Sleep Disorders Unit, Department of Thoracic Medicine, University General Hospital, Medical School of the University of Crete, Heraklion, Crete, Greece.
Sleep Breath. 2011 Dec;15(4):657-64. doi: 10.1007/s11325-010-0416-6. Epub 2010 Sep 25.
We aimed to evaluate the predictive value of anthropometric measurements and self-reported symptoms of obstructive sleep apnea syndrome (OSAS) in a large number of not yet diagnosed or treated patients. Commonly used clinical indices were used to derive a prediction formula that could identify patients at low and high risk for OSAS.
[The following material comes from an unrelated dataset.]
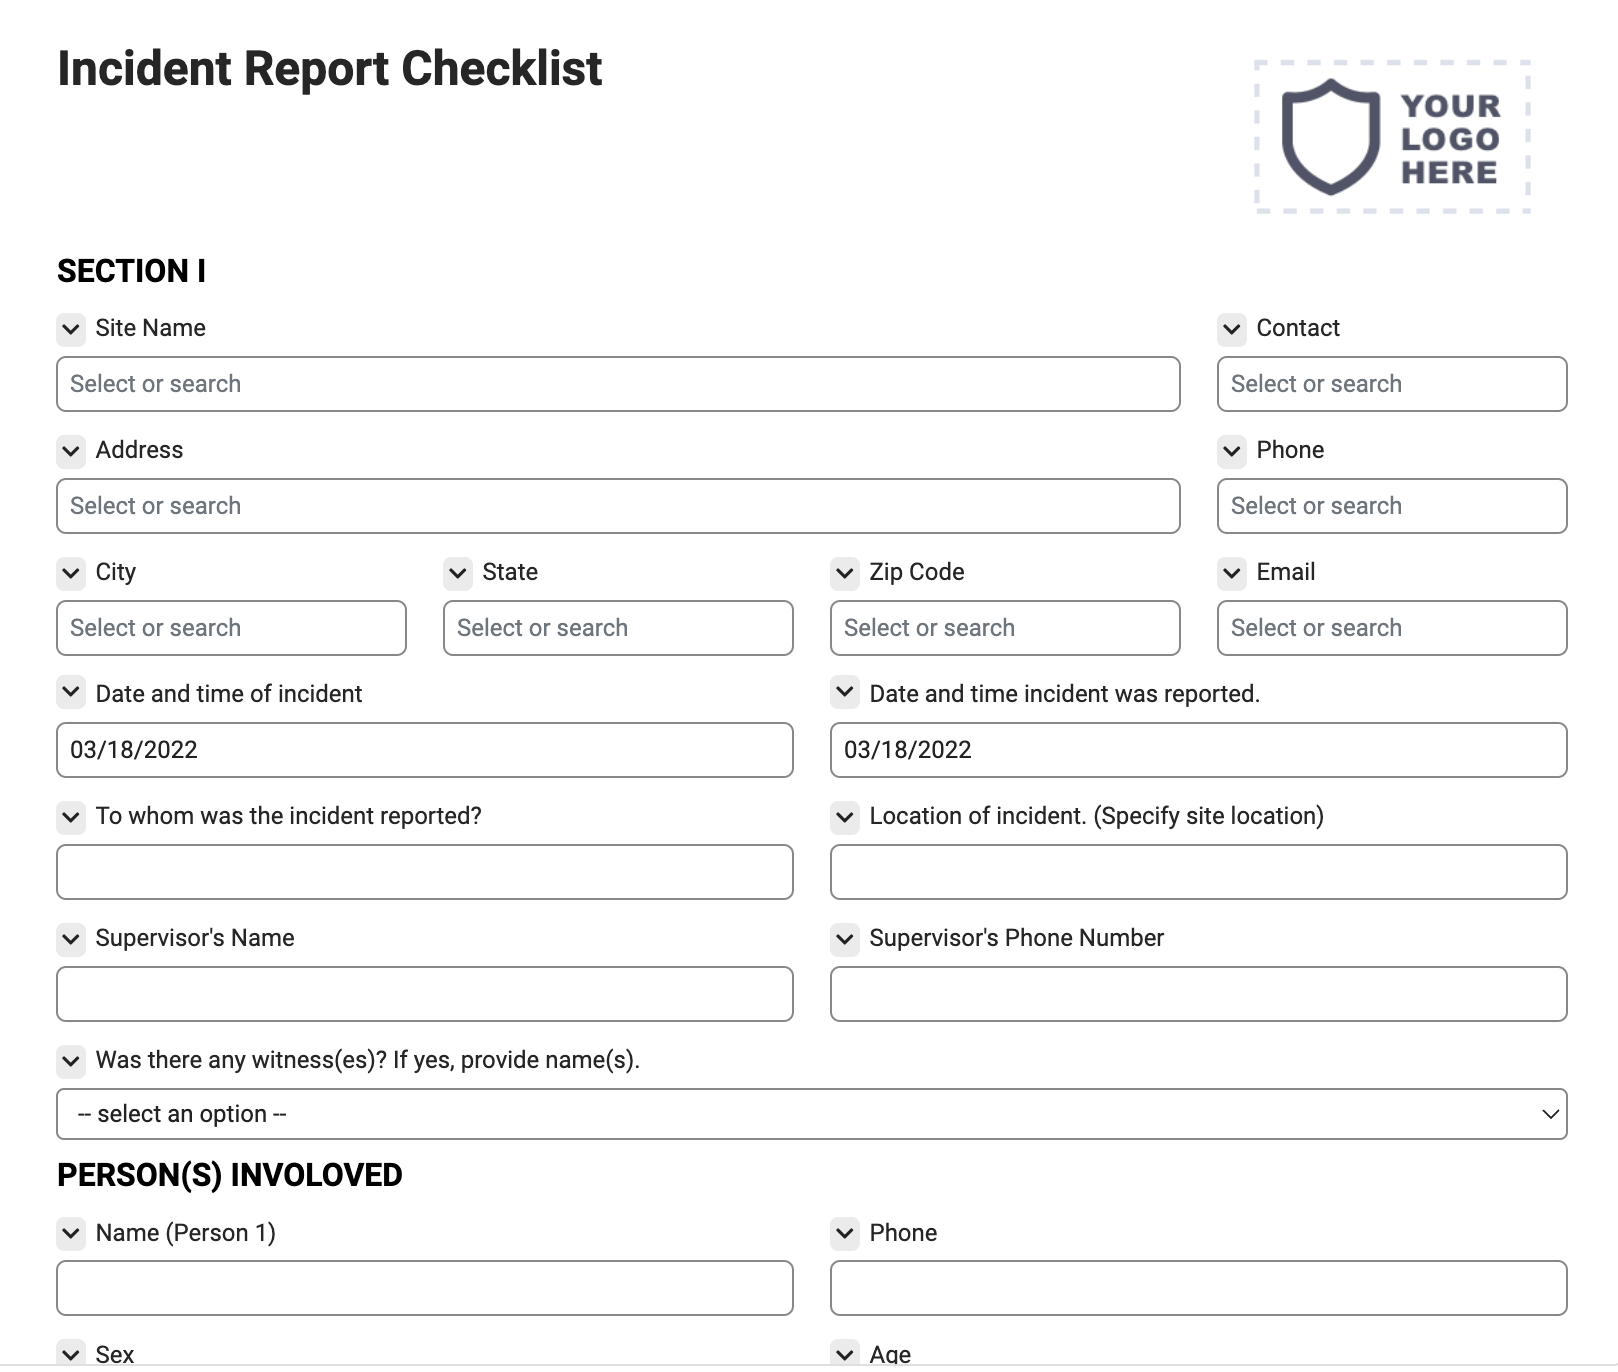 Incident Report Checklist Form

Two thousand six hundred ninety patients with suspected OSAS were enrolled. We obtained weight; height; neck, waist, and hip circumference; and a measure of subjective sleepiness (Epworth sleepiness scale--ESS) prior to diagnostic polysomnography. Excessive daytime sleepiness severity (EDS) was coded as follows: 0 for ESS ≤ 3 (normal), 1 for ESS score 4-9 (normal to mild sleepiness), 2 for score 10-16 (moderate to severe sleepiness), and 3 for score >16 (severe sleepiness). Multivariate linear and logistic regression analysis was used to identify independent predictors of apnea-hypopnea index (AHI) and derive a prediction formula.
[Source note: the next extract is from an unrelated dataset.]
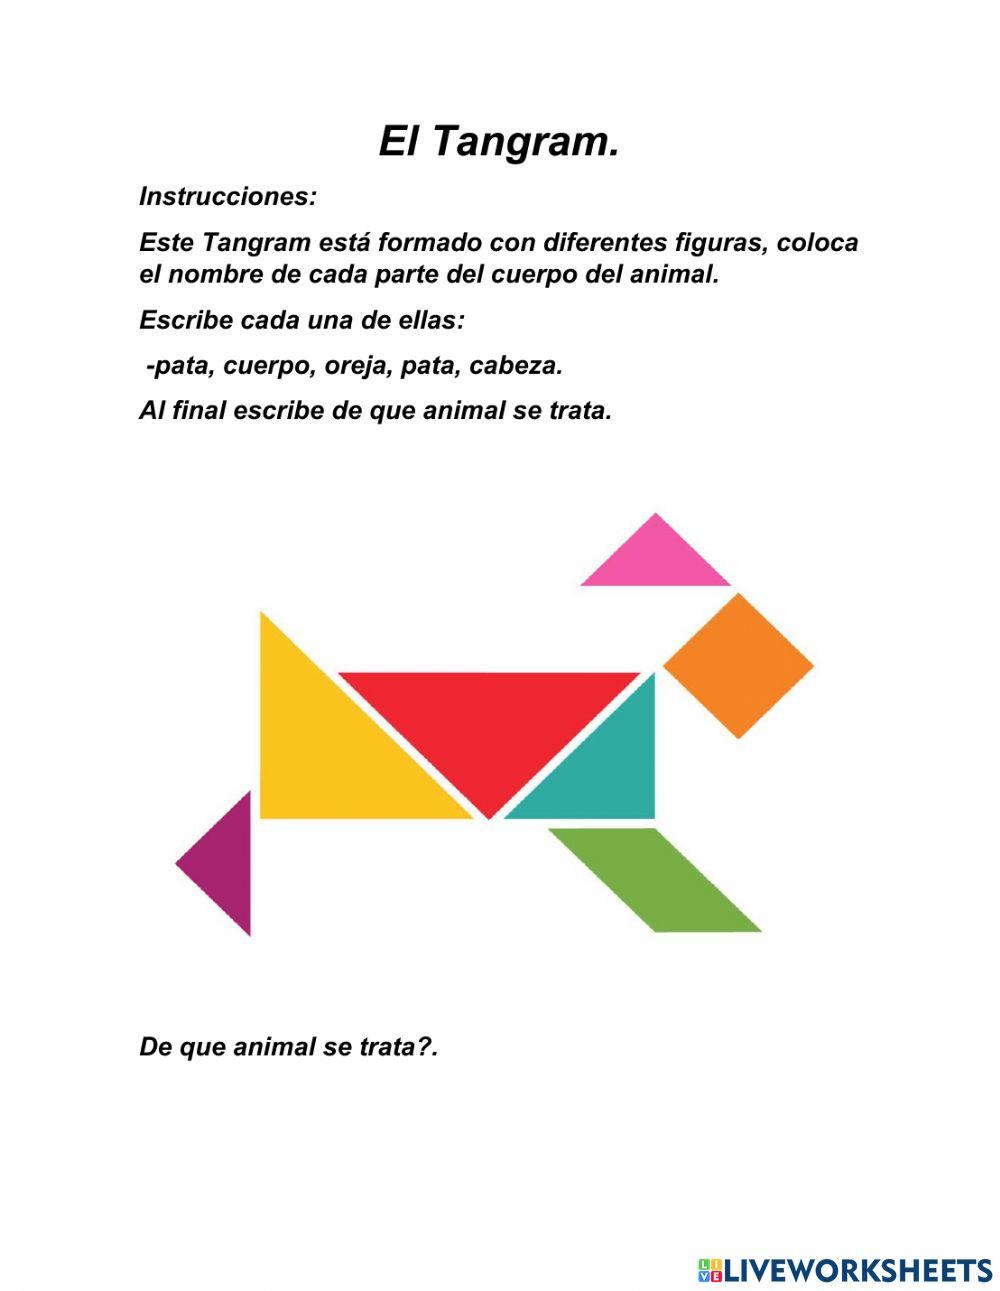 El tangram activity | Live Worksheets

Neck circumference (NC) in centimeters, body mass index (BMI) in kilograms per square meter, sleepiness as a code indicating EDS severity, and gender as a constant were significant predictors for AHI. The derived formula was: AHIpred = NC × 0.84 + EDS × 7.78 + BMI × 0.91 - [8.2 × gender constant (1 or 2) + 37]. The probability that this equation predicts AHI greater than 15 correctly was 78%.
Gender, BMI, NC, and sleepiness were significant clinical predictors of OSAS in Greek subjects. Such a prediction formula can play a role in prioritizing patients for PSG evaluation, diagnosis, and initiation of treatment.
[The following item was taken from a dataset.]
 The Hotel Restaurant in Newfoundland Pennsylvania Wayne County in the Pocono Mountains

我们旨在评估大量未经诊断或治疗的患者的人体测量学测量和阻塞性睡眠呼吸暂停综合征(OSAS)自述症状的预测价值。使用常用的临床指标得出一个预测公式,可以识别出 OSAS 低风险和高风险的患者。
共纳入 2690 例疑似 OSAS 患者。在进行诊断性多导睡眠图检查之前,我们获得了体重、身高、颈围、腰围和臀围以及主观嗜睡量表(ESS)的测量值。日间嗜睡严重程度(EDS)编码如下:ESS≤3 分(正常)为 0 分,ESS 评分 4-9 分为(正常至轻度嗜睡)为 1 分,ESS 评分 10-16 分为(中度至重度嗜睡)为 2 分,ESS 评分>16 分为(重度嗜睡)为 3 分。使用多元线性和逻辑回归分析来识别 apnea-hypopnea 指数(AHI)的独立预测因子,并得出预测公式。
颈围(NC)以厘米为单位、体重指数(BMI)以千克/平方米为单位、嗜睡作为 EDS 严重程度的代码以及性别作为常数是 AHI 的显著预测因子。得出的公式为:AHIpred = NC × 0.84 + EDS × 7.78 + BMI × 0.91 - [8.2 × 性别常数(1 或 2)+ 37]。该方程正确预测 AHI>15 的概率为 78%。
性别、BMI、NC 和嗜睡是希腊人群中 OSAS 的重要临床预测因子。这样的预测公式可以在为 PSG 评估、诊断和开始治疗患者的优先级方面发挥作用。